Regulatory Management

• Maintains good working knowledge of all assigned protocols and reporting requirements. Adheres to all protocol requirements to ensure the validity of the clinical research data.
• Disseminates protocol information and updates to other study team members, as necessary.
• Prepares and submits annual renewal requests, amendments and adverse event reports with clinical input according to IRB and Sponsor requirements.
• Responsible for submission, verification, and maintenance of protocol specific information on the SKCCC Research Protocol Library and OnCore.
• Maintains regulatory binder for each assigned protocol.
• Prepares for and participates in monitoring and audits of studies. Corrects errors in database when necessary.
• Meets regularly with members of the study team to review data accuracy and overall study progress. Participates in all mandatory meetings to develop increasing knowledge of assigned clinical trial and Registry requirements.
• May assist the principal investigator and/or program manager in defining information and plans required to accomplish goals of studies. May help design and create protocol specific data collection forms with assistance.
• Completes minimum requirement for continuing educational units. Has working knowledge of and complies with Good Clinical Practices, ICH Guidelines and SKCCC Clinical Research Office policies.

 

[Goro]

This is logistics, nothing more.

 

[madamemichaelscott]

I took on a 2 year CRC position and was accepted to 3 T20s including Pitt. Your job description is similar to what mine was and gave me substantial clinical and research experience that I wrote about & discussed heavily.

 

[Goro]

I took on a 2 year CRC position and was accepted to 3 T20s including Pitt. Your job description is similar to what mine was and gave me substantial clinical and research experience that I wrote about & discussed heavily.
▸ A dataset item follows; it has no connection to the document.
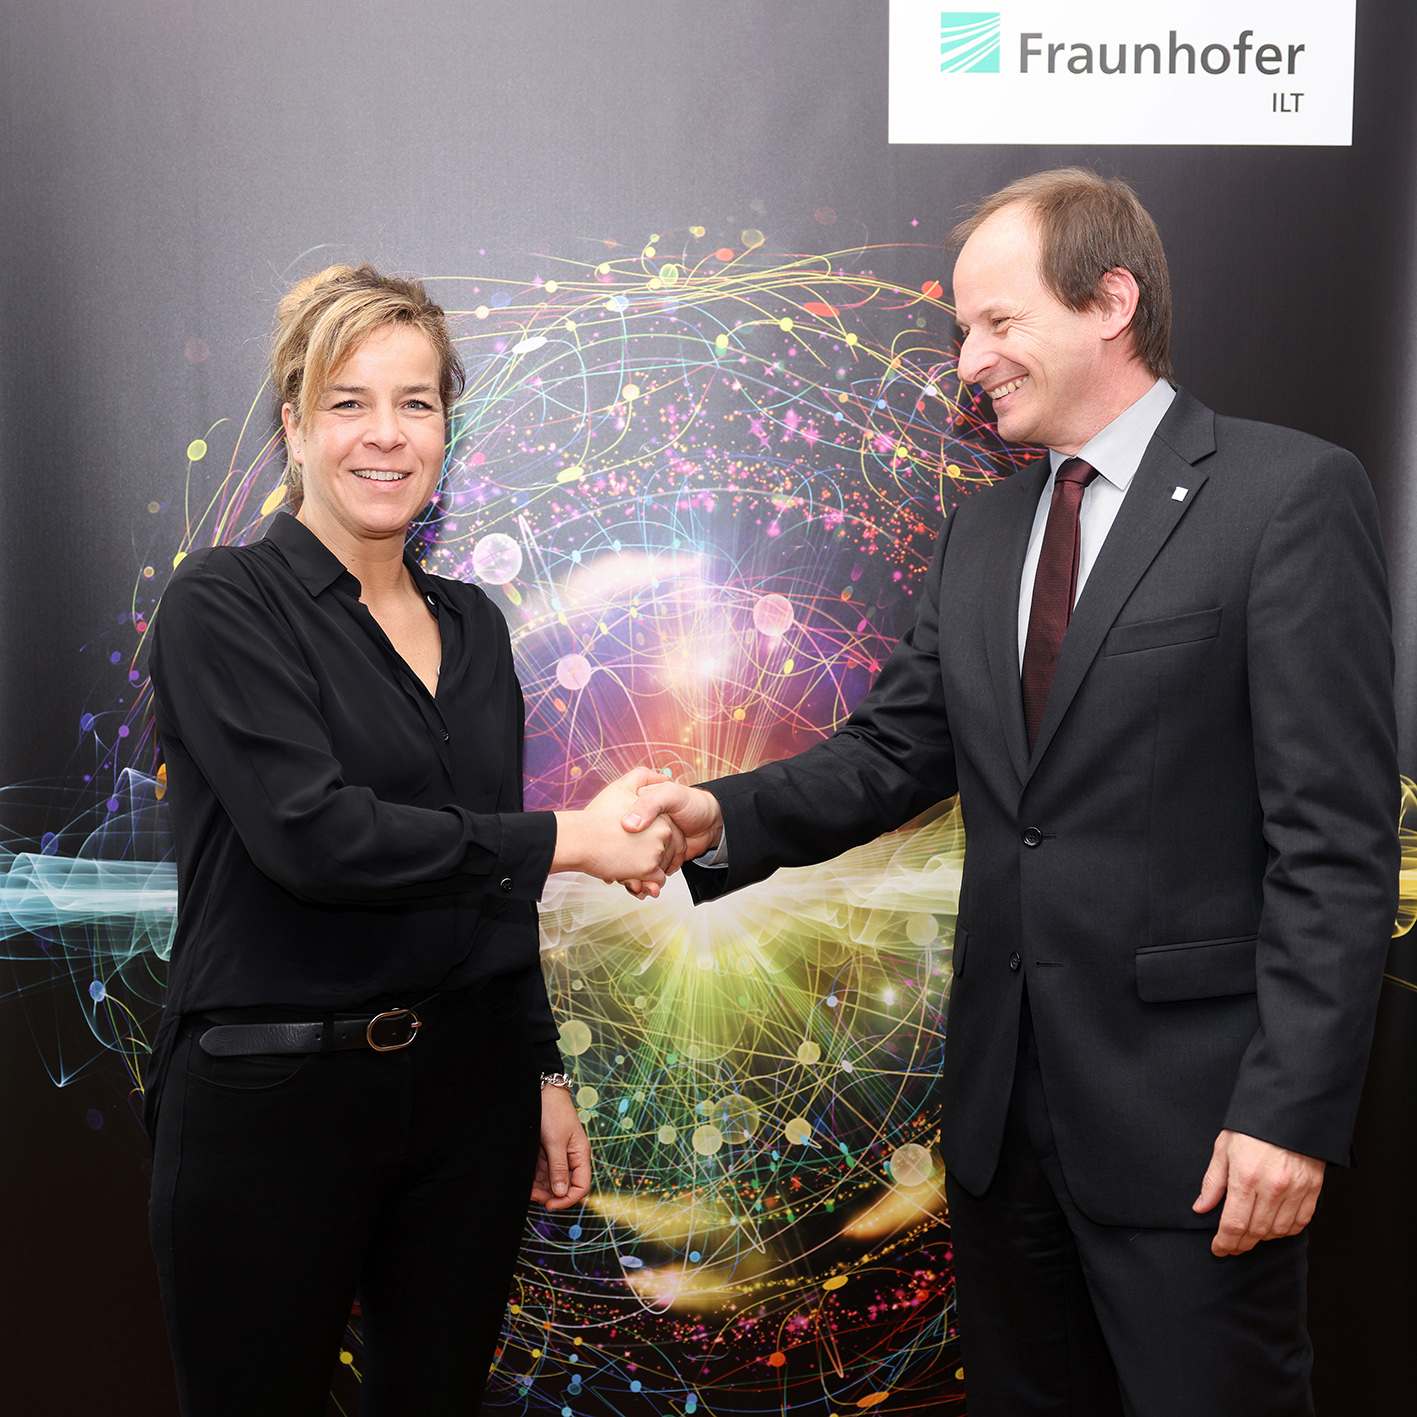 NRW-Wirtschaftsministerin Neubaur und Prof. Häfner, Leiter des Fraunhofer ILT, beim Startschuss für das Projekt »N-Quik«, gefördert durch das Land NRW.
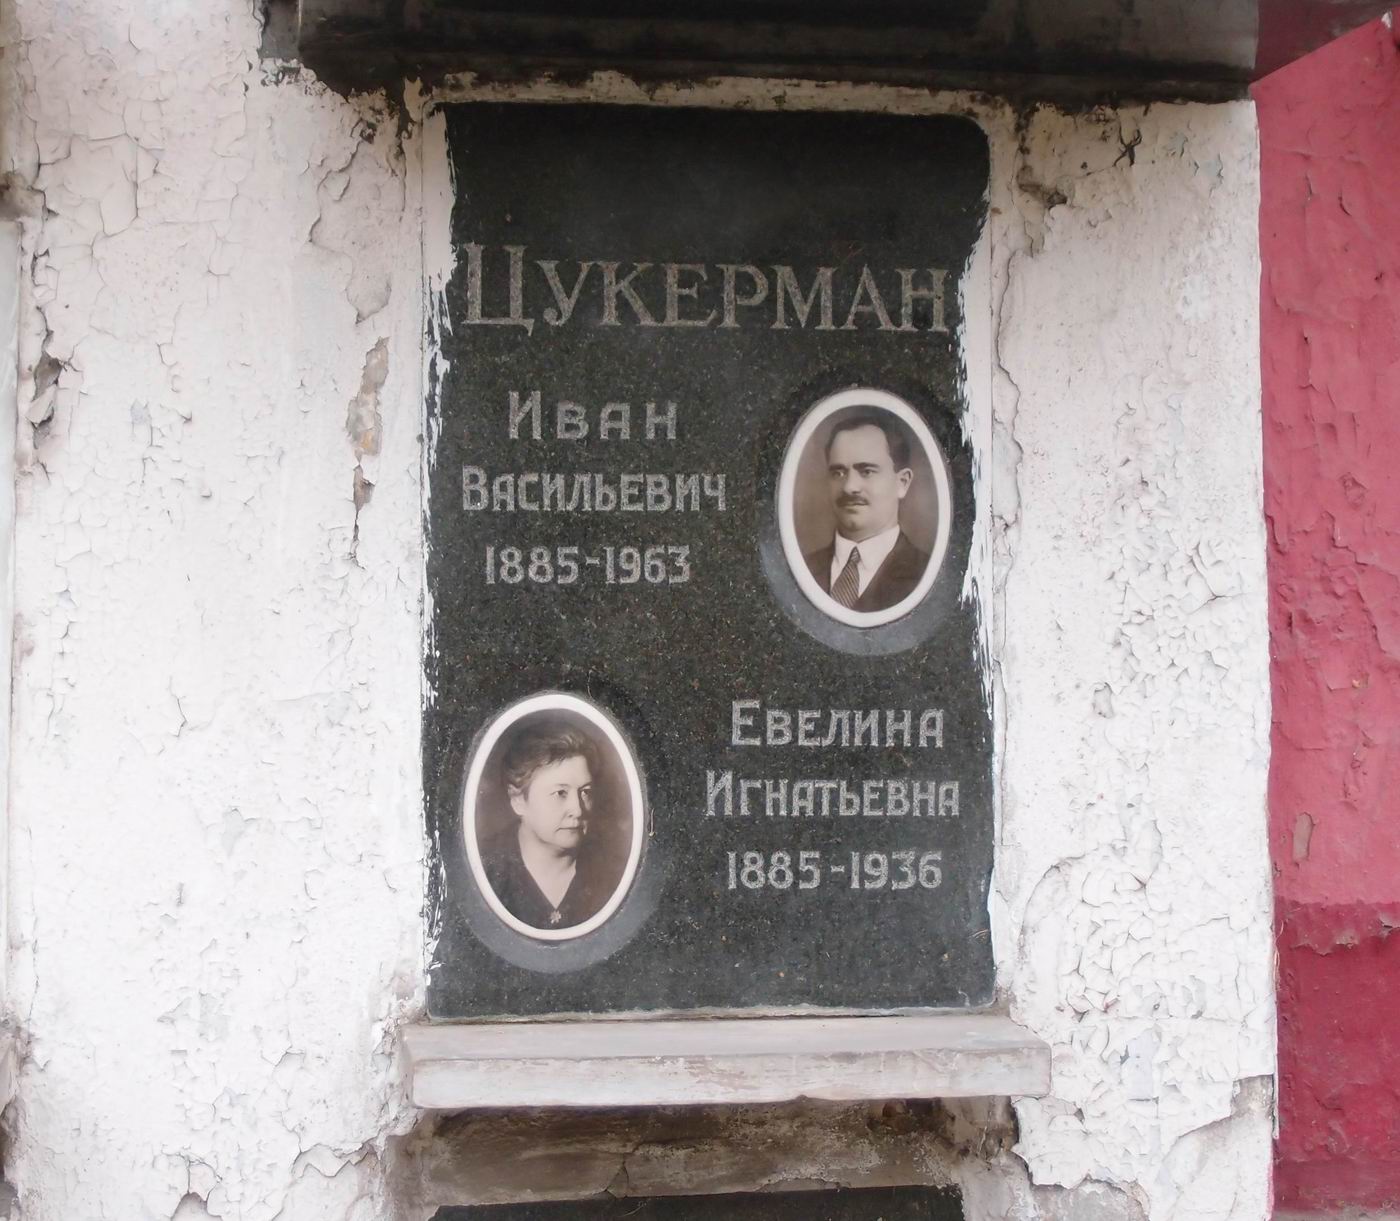 Плита на нише Цукермана И.В. (1885-1963), на Новодевичьем кладбище (колумбарий [23]-5-2).

The bolded is what Adcoms look for in people who have worked as CRCs.

Those who just call up research subjects and remind them of their appointments? No.

 

[ACKjp]

I also worked as a CRC for 1.5 years and had a successful cycle. As others have said the experience can vary greatly, but if you have meaningful patient contact it’ll be good for your application

 

[KaiBuzz]

I also worked as a CRC at a top academic medical center and had a very successful cycle. All of my lab colleagues are also attending medical school now.